This results in an anticlockwise hysteresis in the concentration effect relationship (Fig. 4A).
iv. The 'wrong' effect is measured. For example, after the first dose, the effect of warfarin on prothrombin time increases as the warfarin concentration decreases. The rate of onset of effect is measured by the rate of decay of existing clotting factors. However, the direct effect of warfarin is on the rate of clotting factor synthesis. If this is determined directly, warfarin concentration correlates well with response.
v. Acute tolerance (tachyphylaxis) develops. Examples are amphetamines or cocaine. Drug concentrations soon after a single dose cause a greater effect than the same concentrations cause at a later time. This results in a clockwise hysteresis in the concentration effect relationship (Fig. 4B).
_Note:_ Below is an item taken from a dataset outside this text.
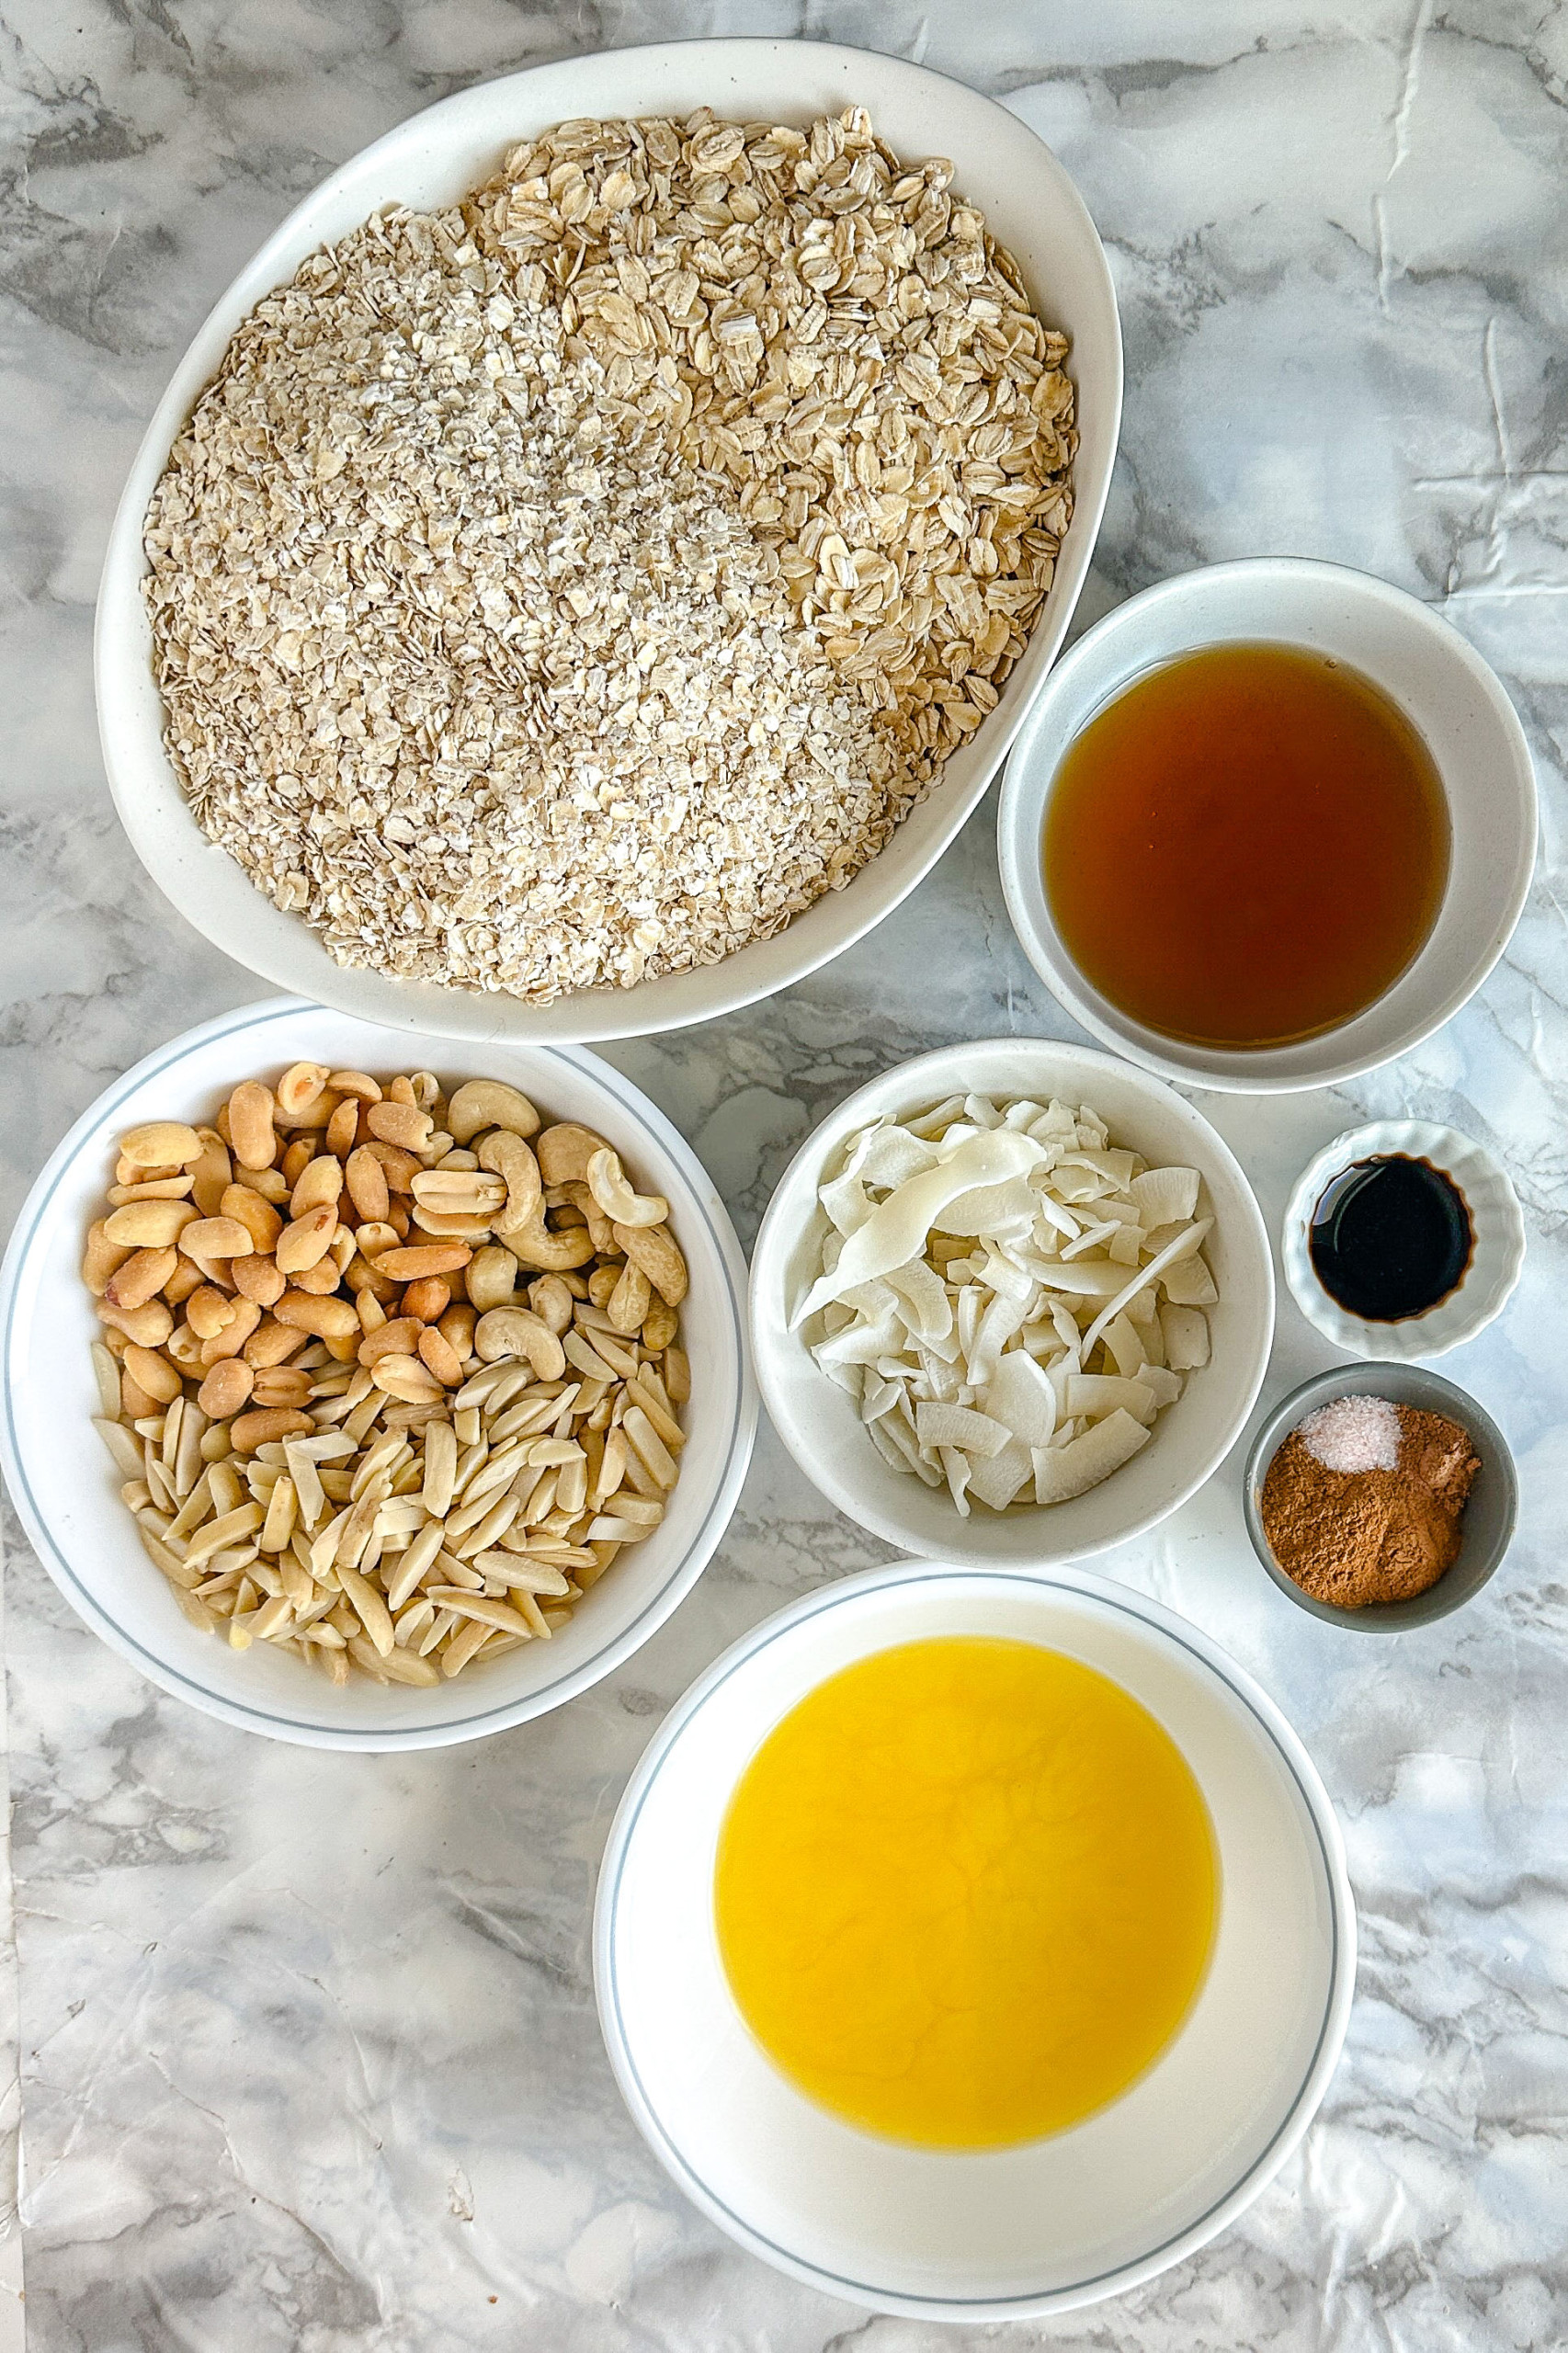 Ingredients for granola in bowls on a white marble counter.

Clockwise and anticlockwise hysteresis loops. The points are concentration response measurements made at varying times after a dose. The arrows show the direction of time after the dose.
An anticlockwise hysteresis loop occurs when the drug has to be distributed to its site of action. Response for a given plasma concentration is initially low, but increases as the drug is distributed out of the plasma to the site of action. An example is digoxin.
A clockwise hysteresis loop occurs when rapid tolerance (tachyphylaxis) develops. The response for a given plasma concentration is initially high, but decreases as tolerance rapidly develops. Examples are cocaine or indirectly acting sympathomimetic drugs such as pseudoephedrine.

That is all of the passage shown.